Ничего не мешает. Ничто не может испортить тебе настроение. Ничто не может омрачить твою радость и разрушить иллюзии. Ты счастлив. Пересадка в Берлине. Растерянно и удивленно ты отмечаешь большое количество людей в форме, которые здесь вращаются. Они одеты с иголочки и наглажены, аккуратны и корректны, иногда даже элегантны. Ты оглядываешь свои тряпки и думаешь о том, сколько работы они должны проделать дома, чтобы не было стыдно выйти в мундире и брюках. И ты удивляешься тому, что на фронте стольких не хватает, а здесь столько их толчется, и не понимаешь, почему ты в своей не подогнанной болтающейся форме должен таскать в руках коробки с пулеметными лентами, а они – лишь перчатки. И ты радуешься, когда садишься в очередной поезд для отпускников с фронта и едешь на юг. Здесь ты вместе с тебе подобными, одетыми в такую же видавшую виды форму, говоришь на том же языке, дышишь той же вонью, даже если вошебойка избавила всех от худшего, ешь из той же банки, куришь из той же пачки и, как и твои попутчики, лихорадочно ждешь того момента, когда приедешь в родной город. И лихорадка нарастает тем больше, чем более знакомым становится ландшафт, пробегающий за окном. И после получения отпускного билета ты переживаешь вторую кульминацию, когда появляются отличительные признаки твоей родины, когда появляется замок твоего города. И время становится другим, и погода другая, даже если она приветствует тебя проливным дождем, как во времена Ноя. И ты становишься другим. Проходишь через зал, выходишь из дверей, останавливаешься на лестнице перед вокзальной площадью, ставишь багаж, сдвигаешь со лба кепи и глубоко вздыхаешь. Это – неописуемый момент, когда ты снова оказываешься дома. Сформулировать его невозможно. Его можно только пережить. И дорога домой вверх по Моренштрассе мимо пивного зала, где ты вместе с Клаусом и Ханзи провел первый и последний большой танцевальный вечер, мимо ипподрома и кафе-мороженого, медленно и знакомясь заново со всем, и дальше к рынку. Ты останавливаешься и смотришь, как будто никогда отсюда не уезжал, поднимаешь нос и принюхиваешься. И замечаешь маленькое отличие от прежнего: нет запаха жареных сосисок. Ты улыбаешься – откуда ему быть на четвертом году войны! И ты идешь, нет, тащишься, мимо памятника принцу Альберту и мимо фонтана и сворачиваешь на Кеченгассе. Старый таможенный двор, дедушкина табачная лавка, его привычный кабачок, фонтан, и ты видишь свою бабушку, как раз покупающую молоко.

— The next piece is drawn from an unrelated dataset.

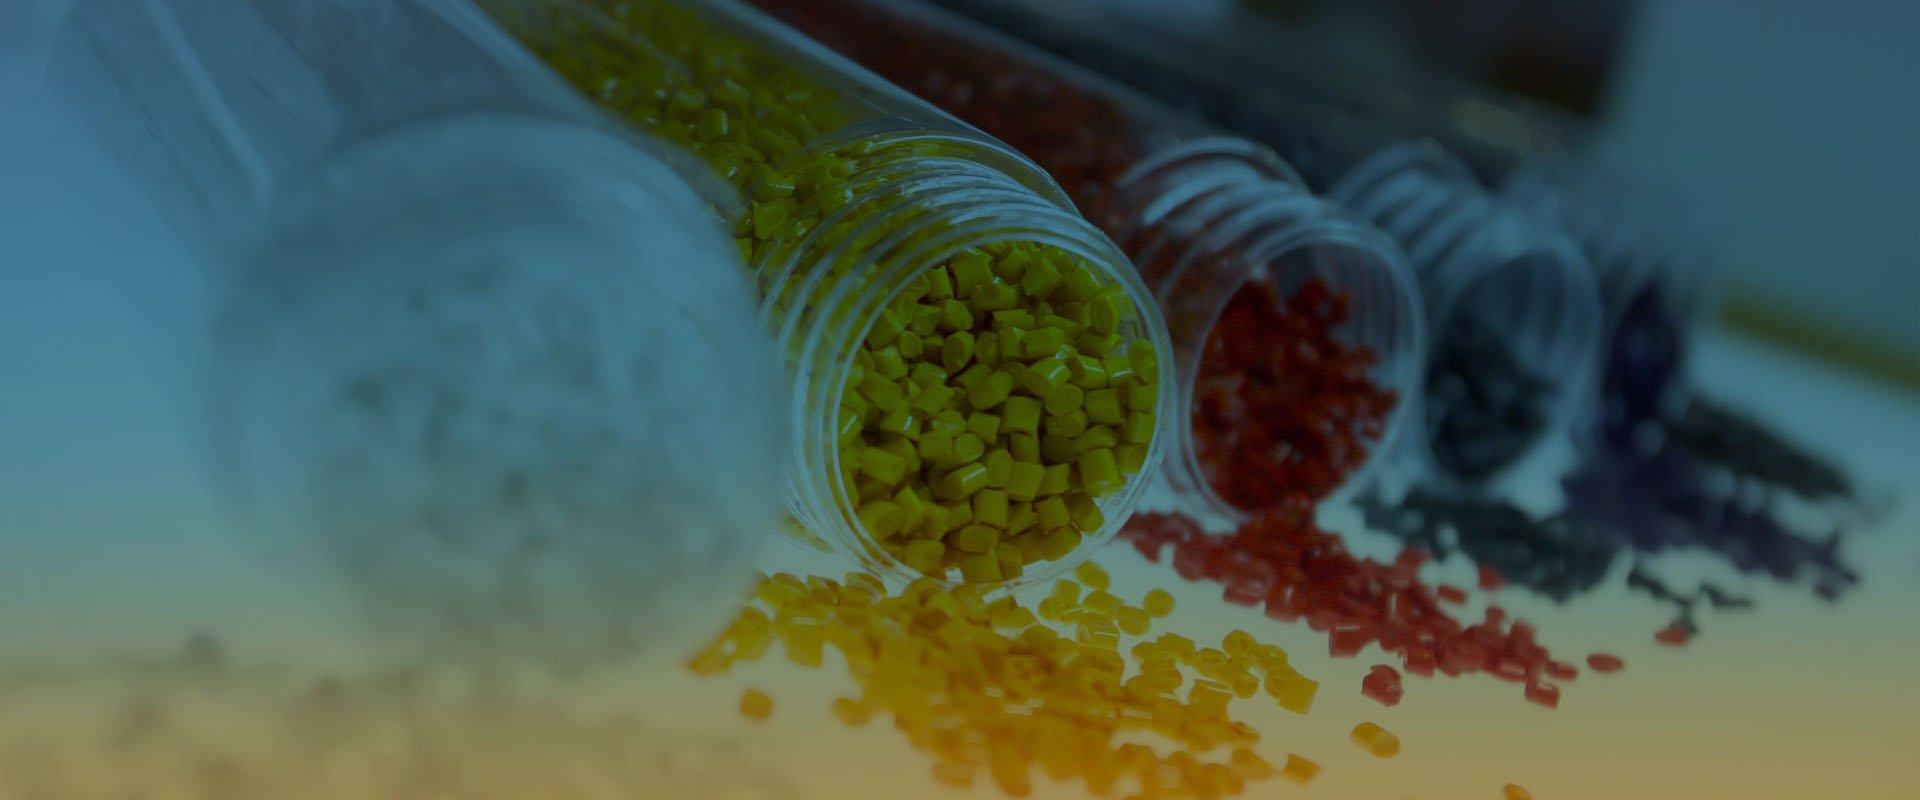 royce colors fabricantes de masterbatch parallax 1 - ROYCE COLORS | FABRICANTES DE MASTER BATCH Y PIGMENTO PARA PLASTICO

Так это было в последний отпуск.
Потом первую неделю был отпуск – настоящий отпуск. Потом все уже было испорчено. Начинаешь считать дни, которые еще остались, а остальное – только тянущее чувство в желудке. А теперь я снова жду, и это будет чертовски долгое ожидание, потому что последний отпуск был после царапины, полученной под Харьковом, в апреле. Прошло всего три месяца. Надежды, что после Курска будет отпуск, нет. Еще ждать три четверти года. И снова это слово «время». Будет время – я посплю». Он закрыл глаза и стал ждать. Когда не получилось заснуть, он оперся на локти и стал смотреть на грязные мыски сапог.
– Ты должен поспать, Цыпленок, – с этими словами к нему подсел Эрнст.
– Не могу.
Эрнст сочувственно кивнул:
– Словно заколдованный. Когда есть время, чтобы поспать, – не можешь уснуть, а когда спать нельзя – глаза слипаются сами.
Блондин внимательно посмотрел на него. Не последует ли после философских рассуждений о сне что-нибудь разумное, но Эрнст молчал и деловито оглядывал округу.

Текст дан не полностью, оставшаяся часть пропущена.